All over town, a thick crust had frozen over the snow. The top few inches had melted and refrozen into a shell. Under the shell, the snow was dry and powdery. The thinnest and smallest of us could walk on the crust without busting though. The rest of us had to struggle across the weird terrain. But it was fun, breaking into the snow shell. If felt different. And after weeks of bleak winter monotony, different was good.

I don’t remember whose idea it was to bring the bike.

In the movies, kids always have big plans. They always have visions of do-it-yourself castles, sprawling treehouses, and massive Rube Goldbergy contraptions. But in my experience, the smaller ideas come first.

MIKE PAULUS

Earlier, back home, we’d been playing out in the yard. In our clumsy boots. In the tight snowsuits we were already outgrowing. In our sweaty stocking caps. We’d been smashing through the snow, breaking it with our fists. Or karate-chopping the crust into different shapes and tossing them like Frisbees. Writing our names with well-placed fissures. Writing out swear words, the tame ones we dared to say out loud. 
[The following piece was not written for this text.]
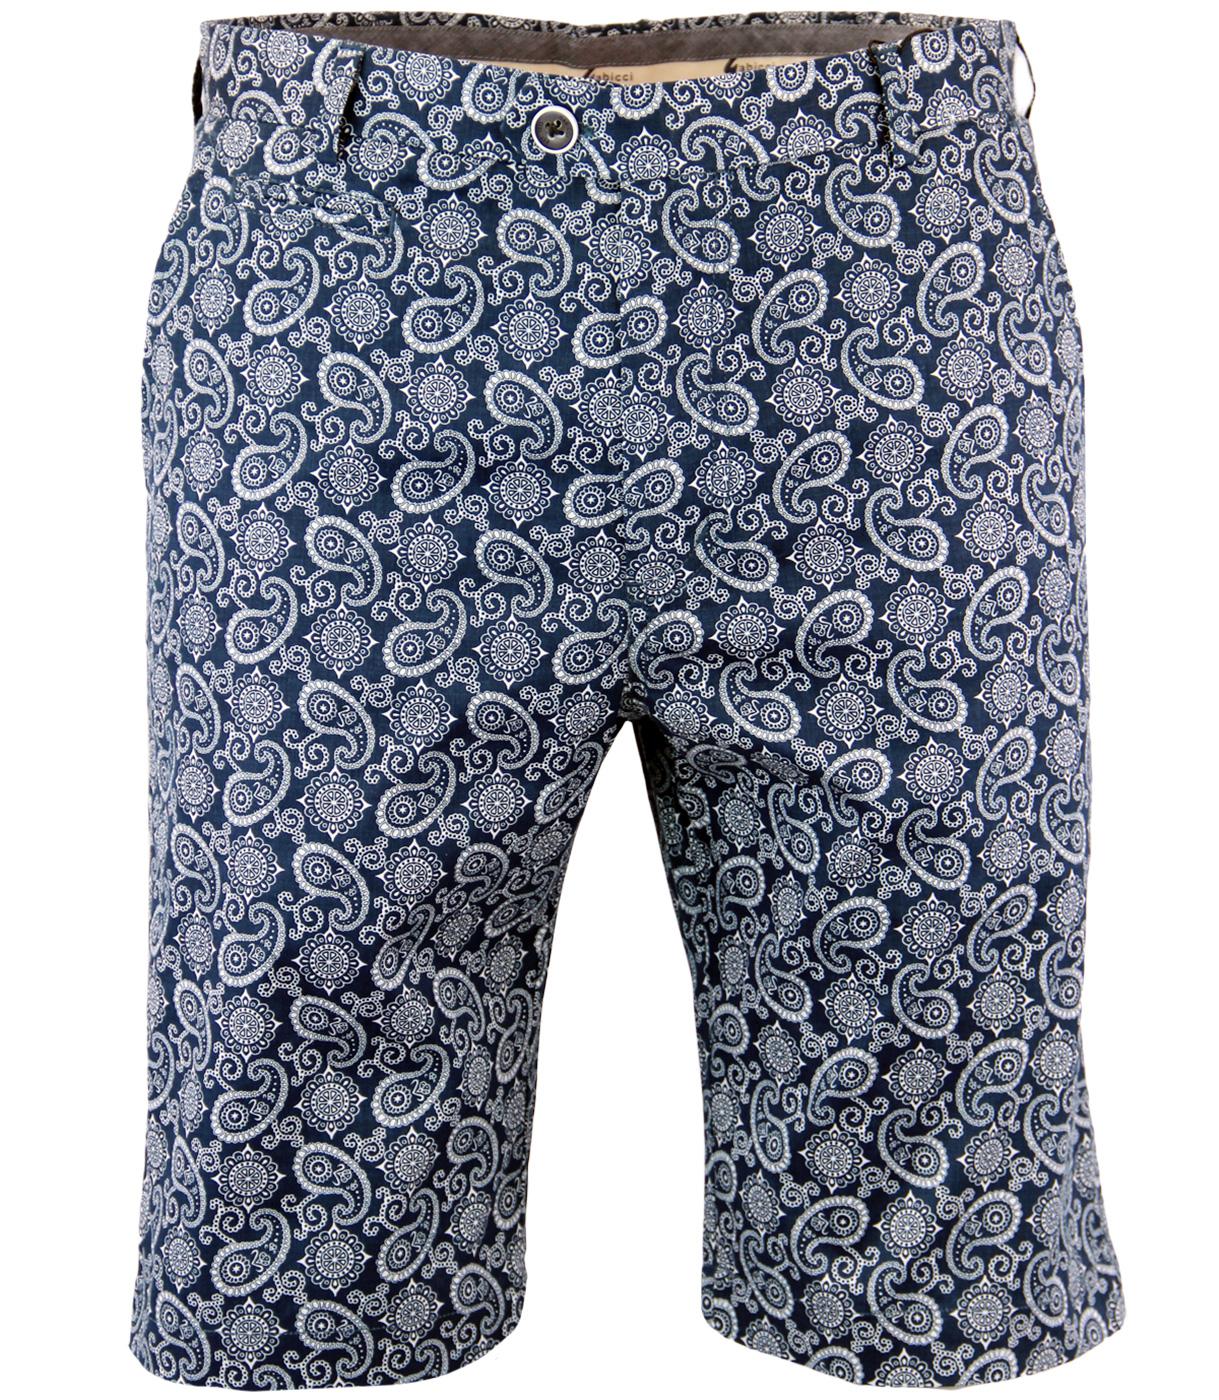 GABICCI VINTAGE Sixties Psychedelic Paisley Shorts in Navy

Eventually, we’d shattered the entire front yard. And it wasn’t enough. But we knew – just a few blocks away, over at the school – there was a huge expanse of pristine, unbroken snow.

We set off, bringing with us the BMX bike my friend had gotten from Shopko just a few summers back. An odd sight this deep into the winter freeze. He rode ahead of us. He never slipped once.

The idea was to use the bike as a leg-powered cutting tool. And that was the extent of our plans. In the movies, kids always have big plans. They always have visions of do-it-yourself castles, sprawling treehouses, and massive Rube Goldbergy contraptions. But in my experience, the smaller ideas come first. And those ideas may or may not lead to a makeshift clubhouse with trapdoors and hidden entrances.

Sometimes the small ideas just stay small. And that’s all you need to fill up an entire afternoon in late February.

Anyway, we got to the field and stumbled out 50 or 60 feet until we found ourselves surrounded by clean, smooth, untouched snow. It was a couple feet deep that year.

We jammed the front tire of the bike into the crust, up past the hub were the spokes all joined together. It stood up on its own like that, like it was diving into a sea of cold sugar.

My friend stood in front of the bike, holding the handle bars, keeping it steady. His little brother, whip-thin and light as a feather, stood up on the pedals and held onto my friend’s shoulders. And then he pedaled. As hard as he could.

And it worked. Right on the first try, it worked. The rear wheel spun like a dull, rubbery circular saw against the crusty snow, grinding through the surface. Pivoting on the front axle, the entire back end of the bike sank down until the pedals hit the snow.

It was fantastic.

So we repositioned the bike three more times until we’d sliced a small, perfect square into the snow. My friend’s brother hopped off the bike, picked up the piece he’d cut out, and held it aloft, up over his head like a giant piece of Wonder Bread.

Then he smashed it across the seat of the bike. Because why not?

Someone suggested we start mass-producing snow squares and use them to build a snow fort. We enthusiastically agreed and got to work. About one snow square later, we enthusiastically abandoned the idea. You see, as ingenious as our new snow-cutting method was, it was also incredibly labor intensive. We’d never heard the phrase “ROI,” but we were smart enough to know we’d be there for days just building the foyer to a snow fort.

So we went back to punching through the snow crust – sans BMX bike – for another hour or so. It was a cold waste of time. And it was enough that day.

In fact, for a very short while, it was all we needed.